Пробили колокола громкого боя! «Рюрик», казалось, вздрогнул в едином откровении железных дверей и люков, затрещали трапы под чечеткою бегущих матросских ног. Потом затихла мать-в-перемать боцманматов, и наступила противная, гнетущая тишина… Хлодовский расправил бакенбарды:
– Команда в большом, сборе! Прошу наверх…
С океана рвало знобящим ветром, который лихо закручивал ленты бескозырок вокруг крепких шей матросов. Чеканные ряды застыли вдоль бортов, внешне, казалось, безликие, как монеты единого достоинства, на самом же деле все разные – женатые и холостые, робкие и бесстрашные, пьющие и непьющие, скромные и нахальные, хорошие и плохие, но все одинаково сжатые в единый кулак единого организма, название которому, гордое и прекрасное, – э к и – п а ж… Явно стыдясь, Панафидин обошел шеренги левого борта, но там искомого матроса не обнаружил. Он сразу узнал его в шеренгах правого борта, где тот стоял в ряду комендоров второго пушечного каземата.
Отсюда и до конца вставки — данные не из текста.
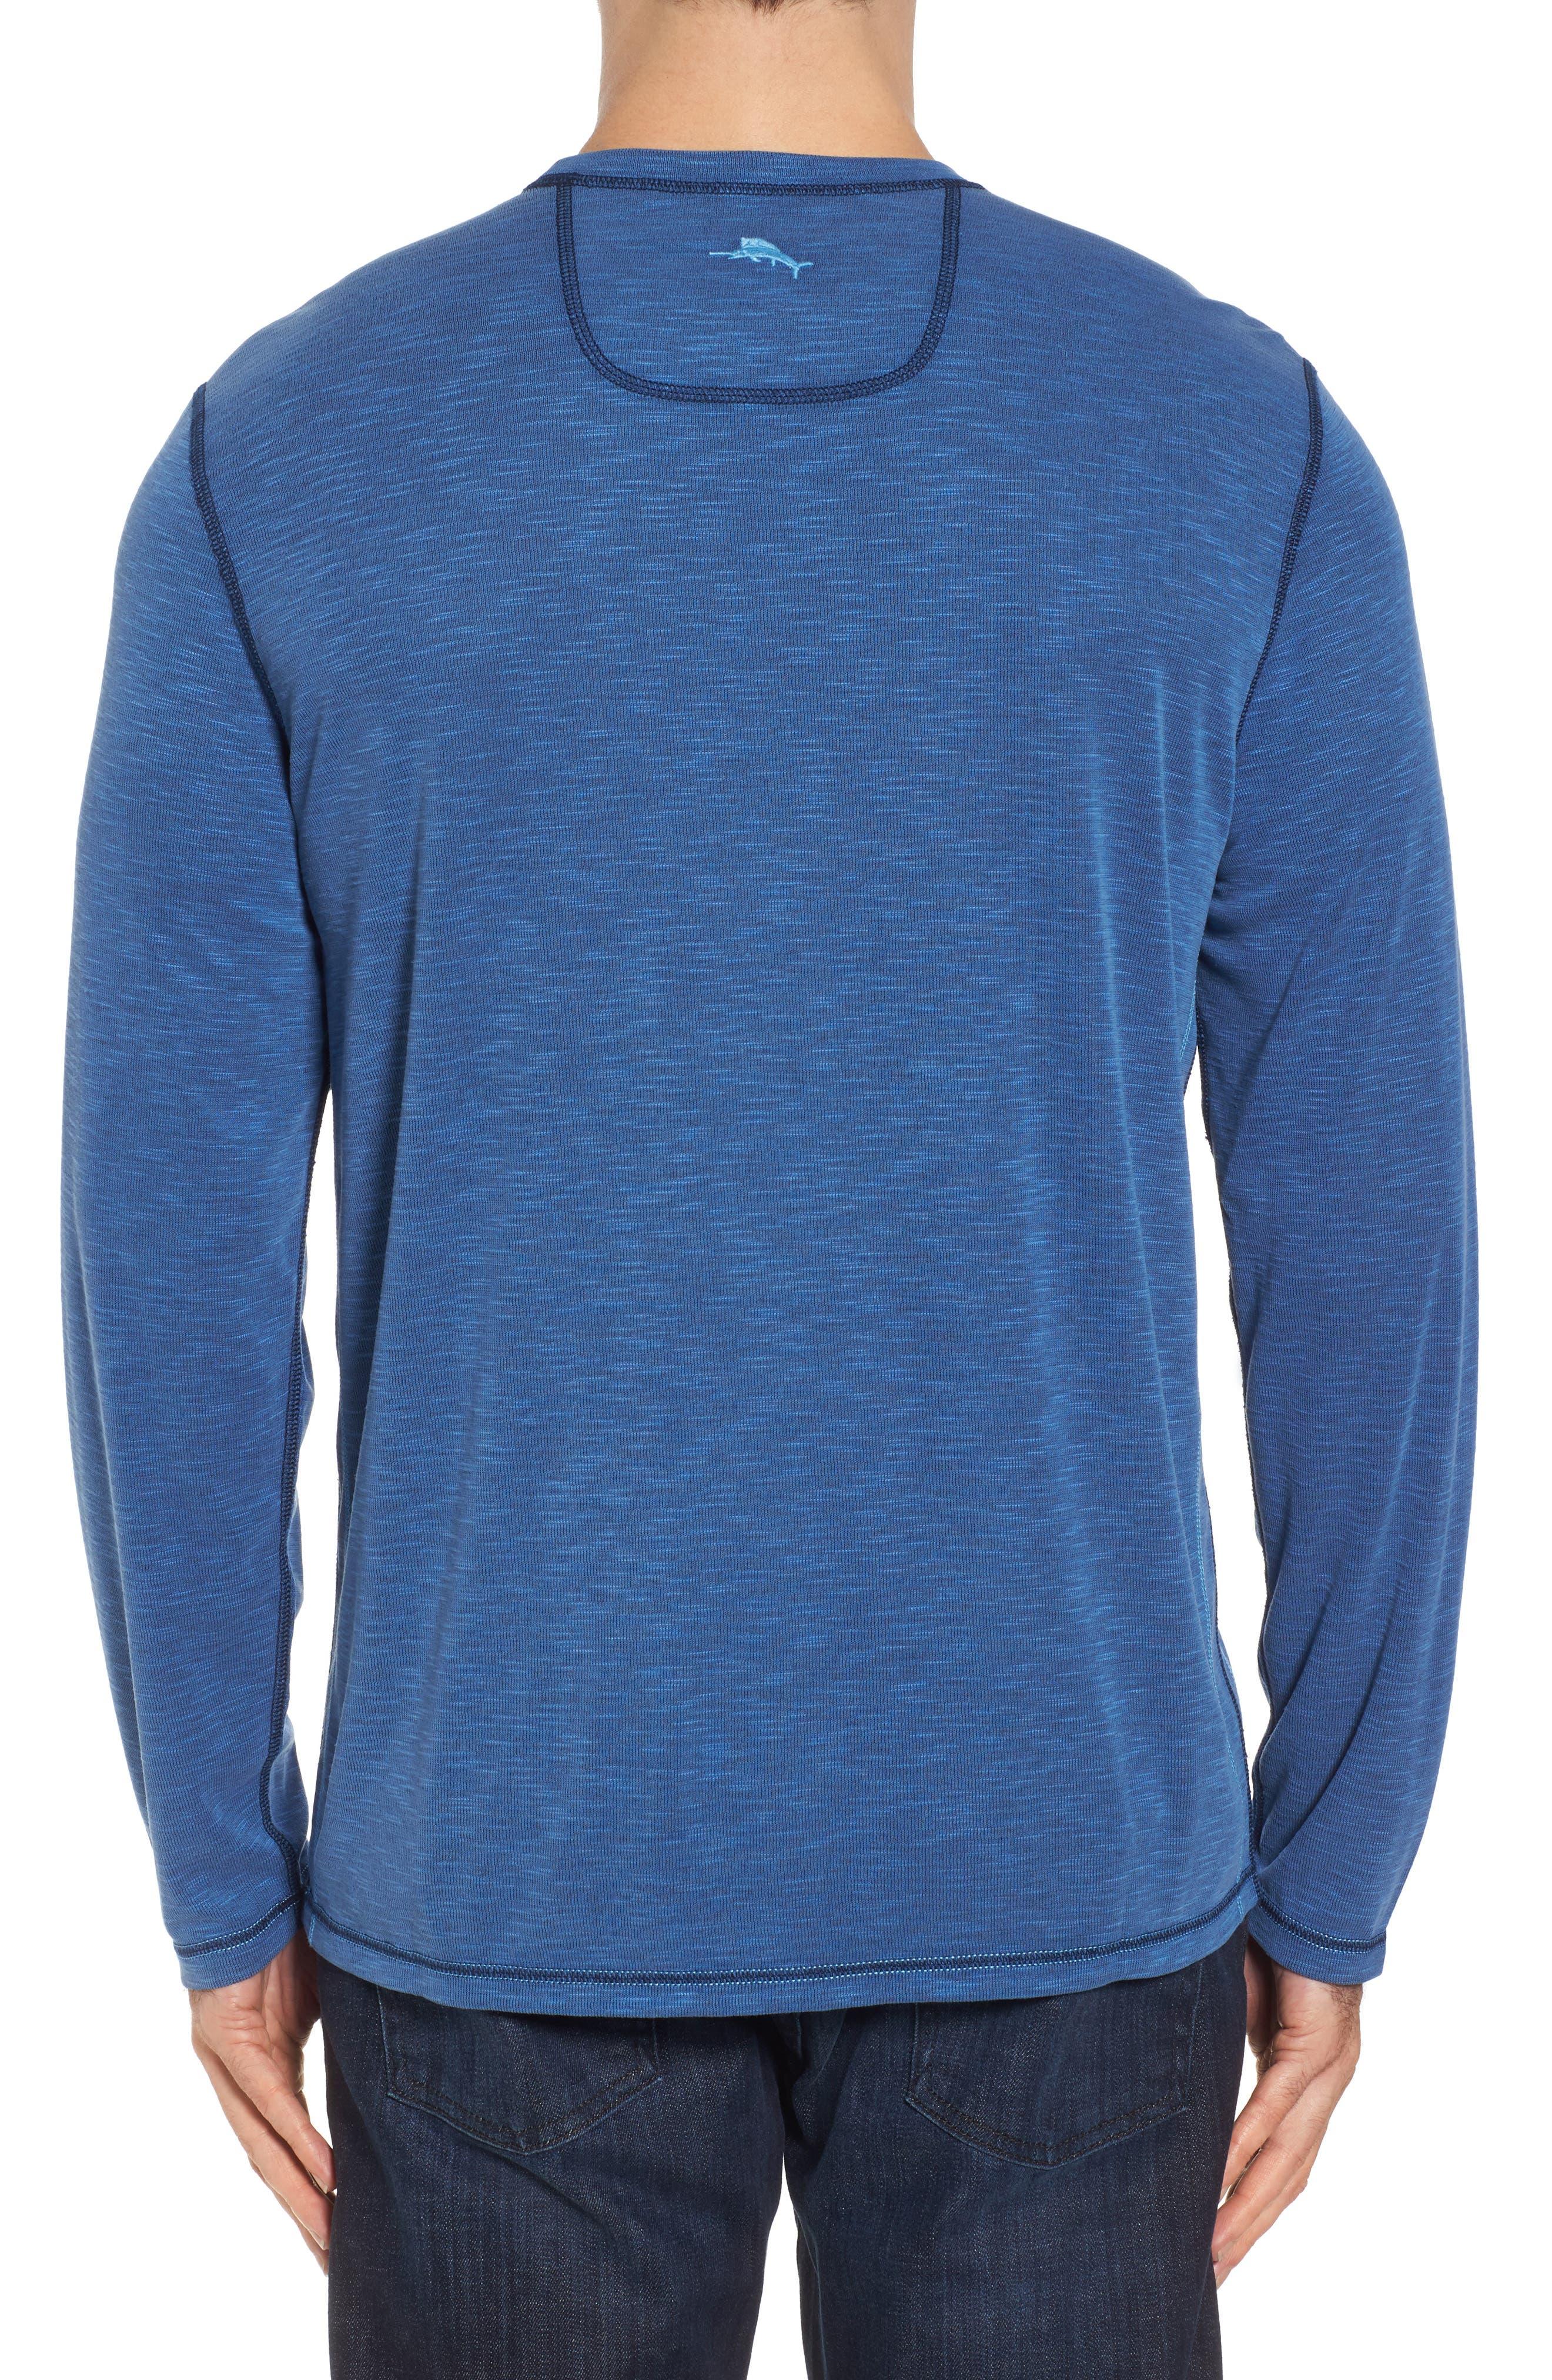 Flip Tide Standard Fit T-Shirt,                             Alternate thumbnail 3, color,                             GALAXY BLUE

– Эй! Ты! Сволочь! Имя! – потребовал от него мичман.
– Николай.
– Фамилия?
– Шаламов.
– Так это он? – спросил Хлодовский…
Панафидин еще раз глянул на Шаламова, который посерел лицом перед расплатой. Что ждало его теперь? Тюрьма? Каторга? Сахалин? Тачка?.. Тишина. Ах, какая тишина…
– Нет, это не он, – сказал Панафидин, отводя глаза от Хлодовского в сторону.
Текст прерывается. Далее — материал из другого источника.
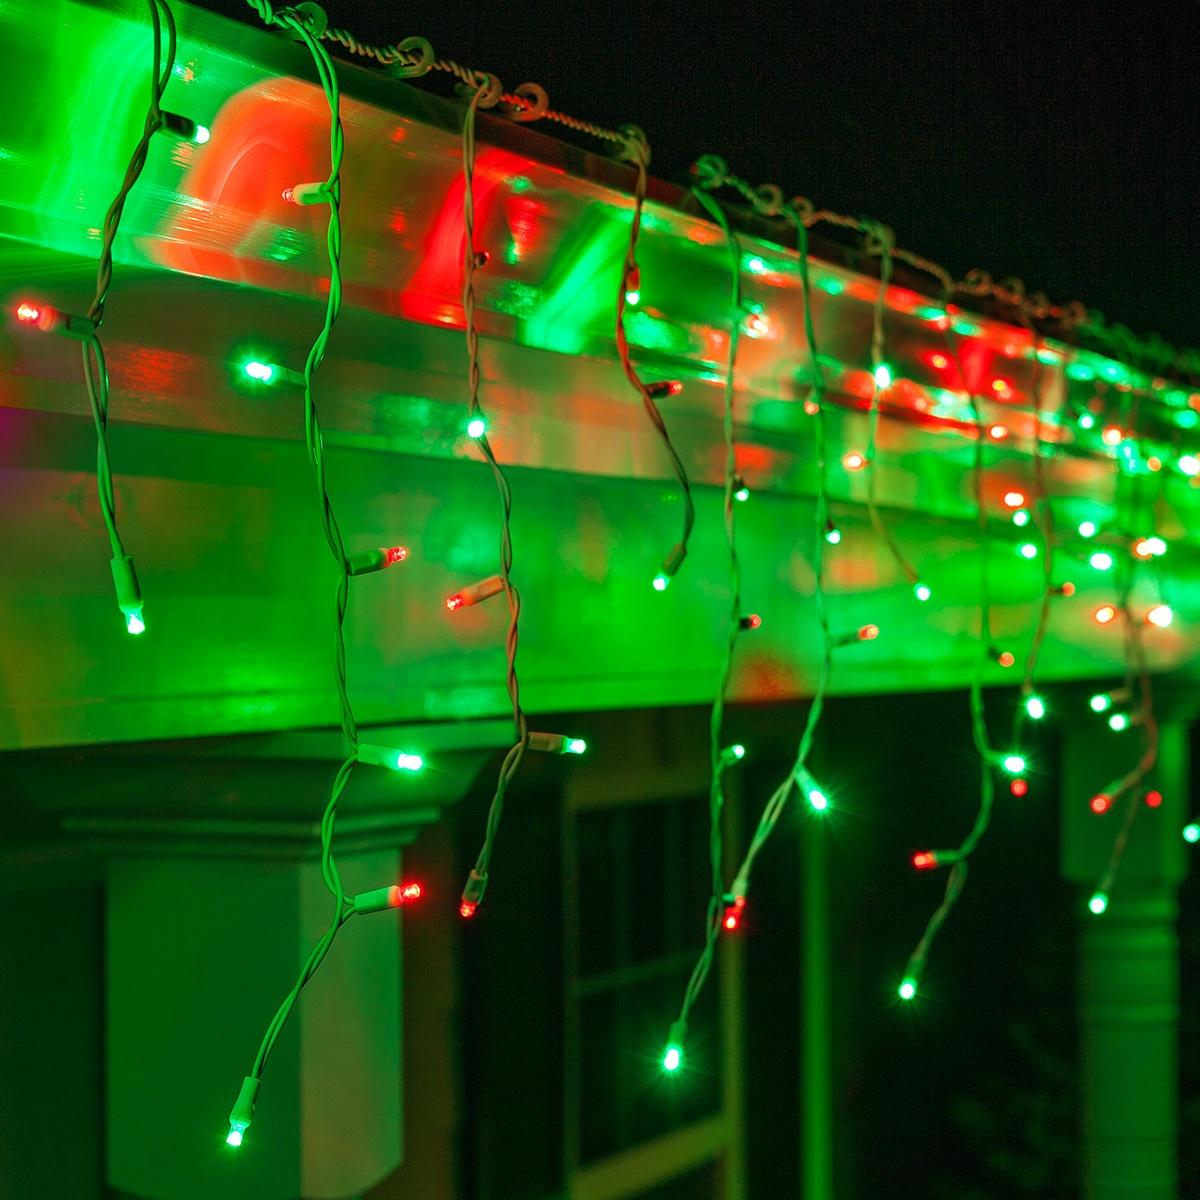 LED Christmas Lights - 70 5mm Red, Green LED Icicle Lights

– Тот, кажется, выглядел иначе.
– Разойдись по работам! – скомандовал Хлодовский, и «большой сбор» мигом рассыпался, как вода рассыпается брызгами, матросы растворились в проемах дверей и люков, исчезли в клинкетах и горловинах, а там, где только что качались две черные живые стенки, осталась лишь чистая палуба крейсера, крытая, как паркетом, настилом тиковых досок…
Проницательнее всех оказался иеромонах Алексей Конечников. Якут заманил Панафидина в свою каюту и сказал:
– Удивлен, почему другие не догадались. Виновником этого «большого сбора» был, конечно же, комендор Николай Шаламов. Вы, мичман, несомненно, поступили по-христиански.
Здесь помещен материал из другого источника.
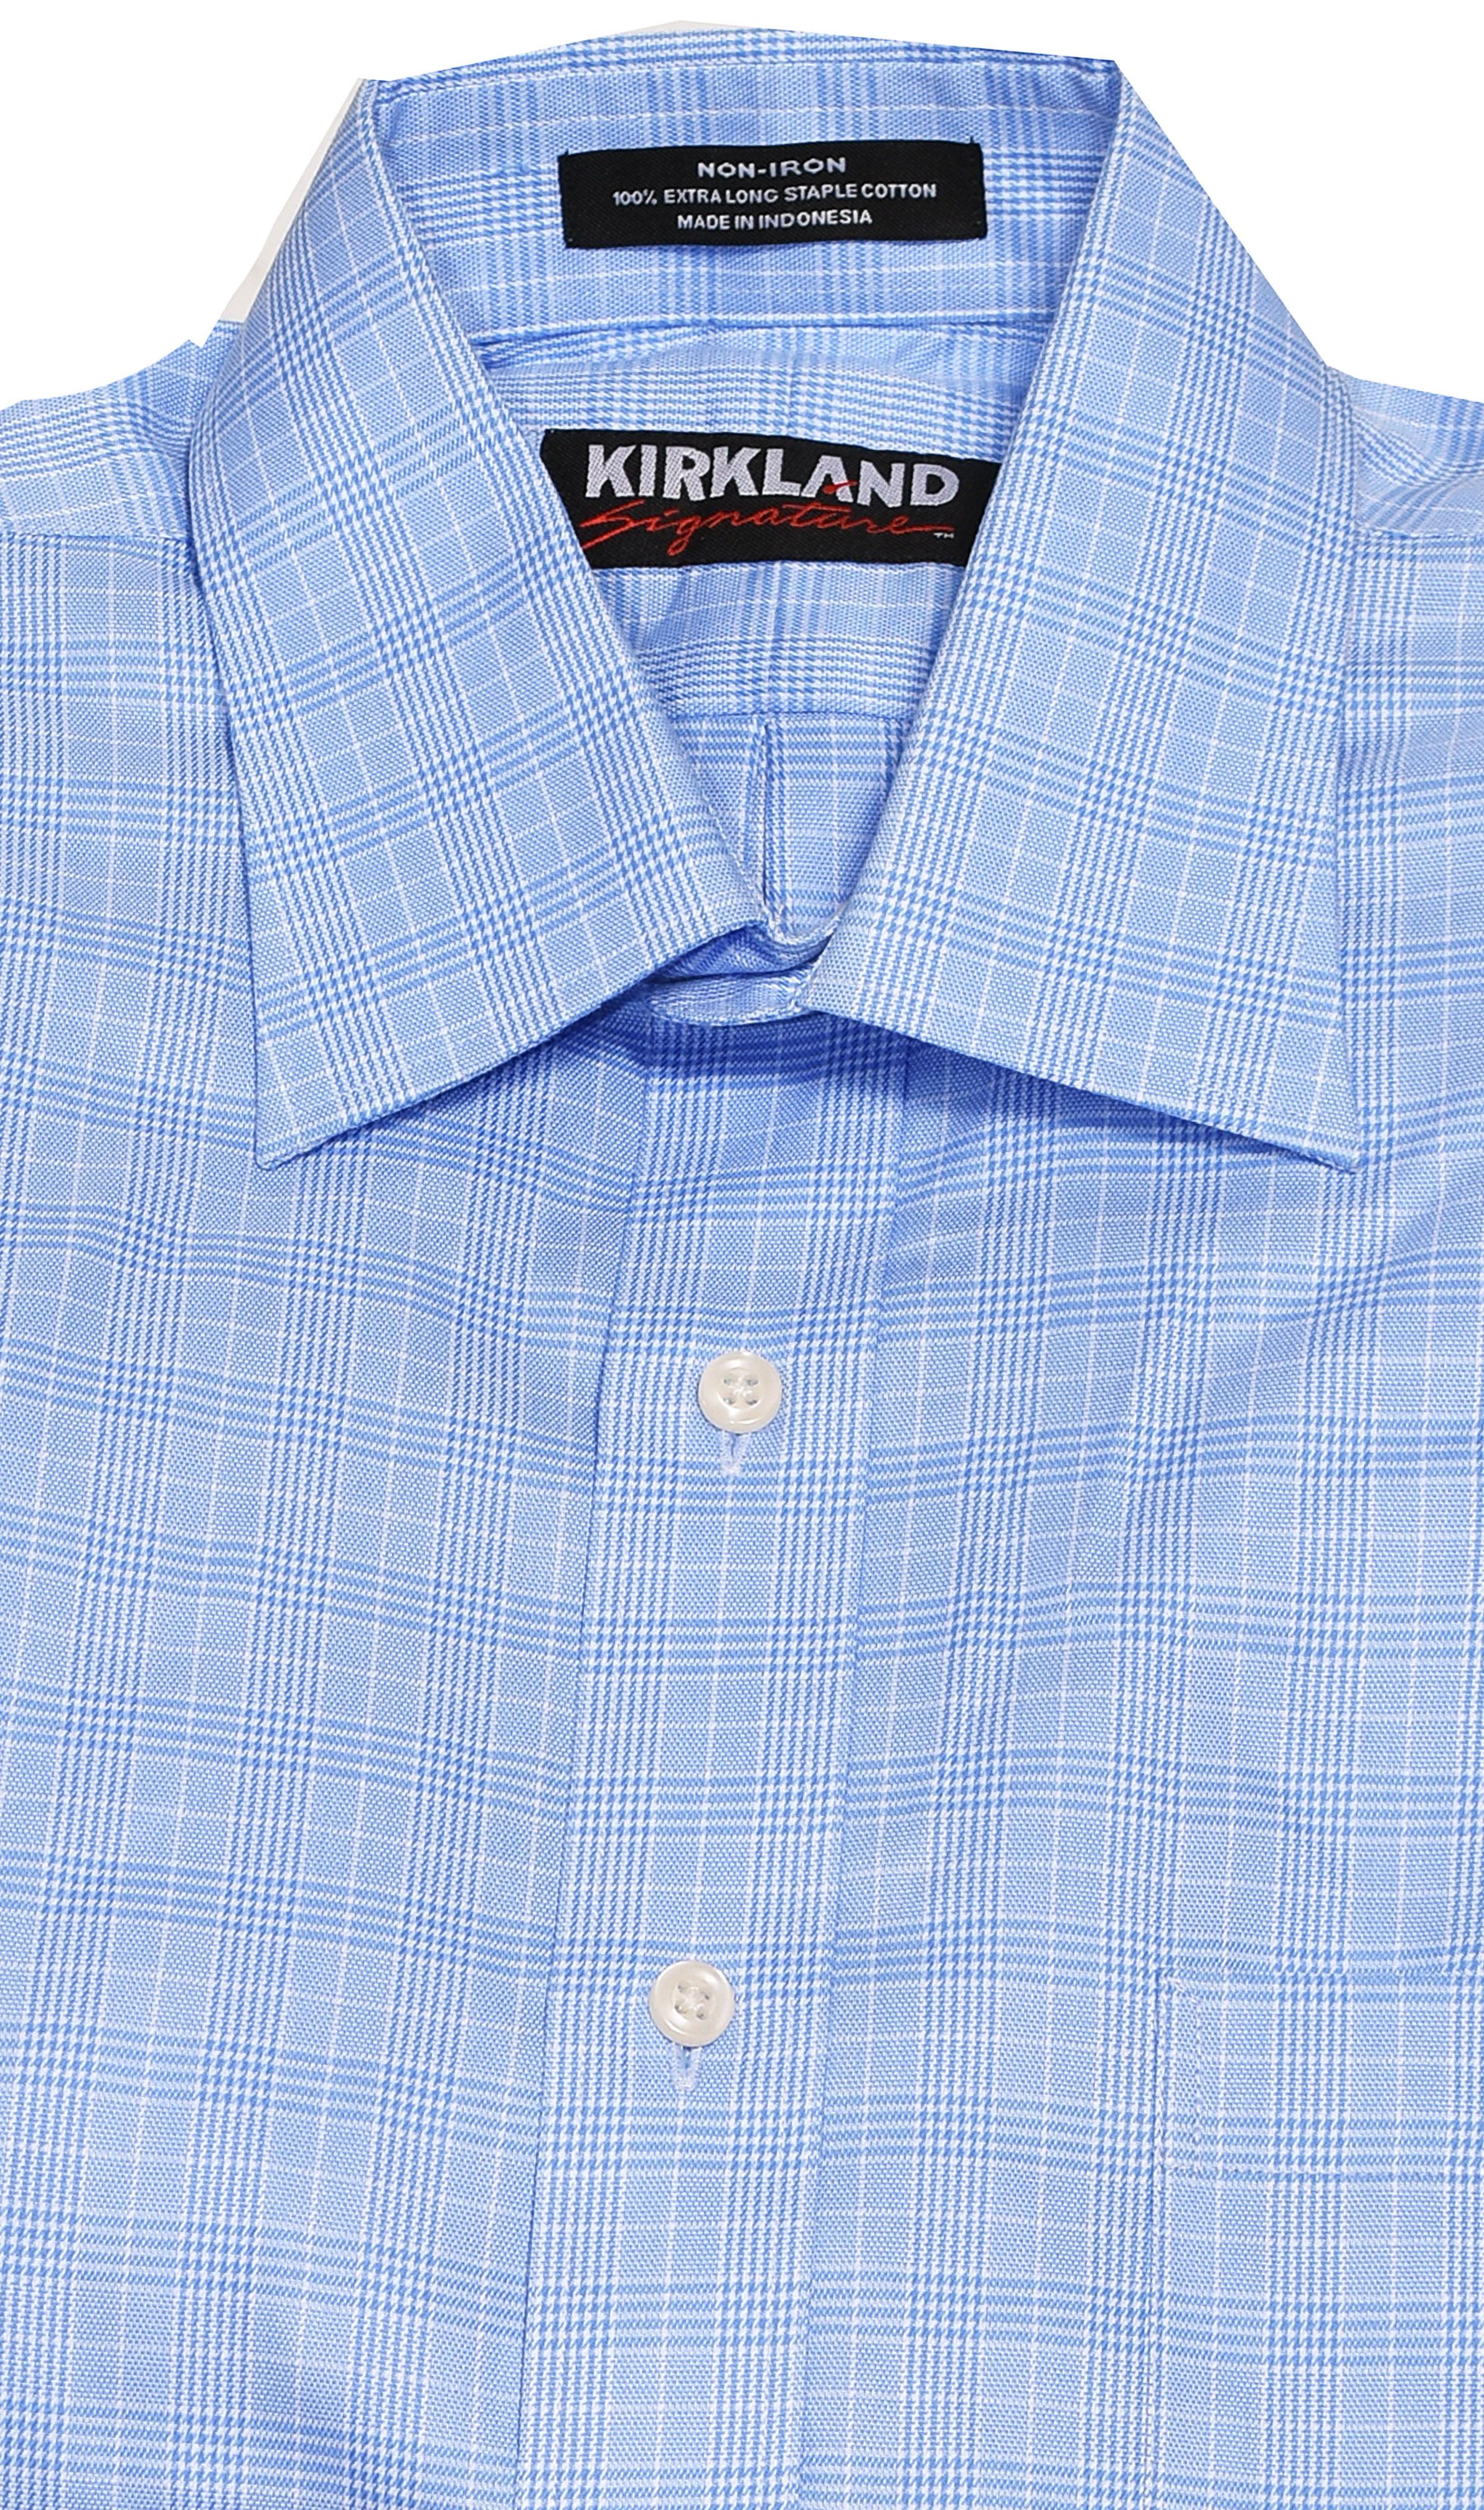 Kirkland Mens Non-Iron Stain Resistant Spread Collar Dress Shirt ...

– Жалко стало, – пояснил Панафидин. – Вдруг подумал, что где-то на опушке леса догнивает старая деревенька, а там живет мать и ждет сыночка-кормильца, ждет – не дождется… Вот и решил: зачем я стану портить жизнь чело–веку?..
За обшивкою крейсера уже зашуршал смерзающийся лед, отчего возникло неприятное ощущение, будто по железу корпуса сам дьявол водил наждачной бумагой. В день 4 января 1904 го–да сигнальщики с вахты оповестили экипажи бри–гады:
– На берегу-то что… ой, вот полыхает!
– Да что там? Никак, пожар?
– Горит… т е а т р. Со всеми причиндалами!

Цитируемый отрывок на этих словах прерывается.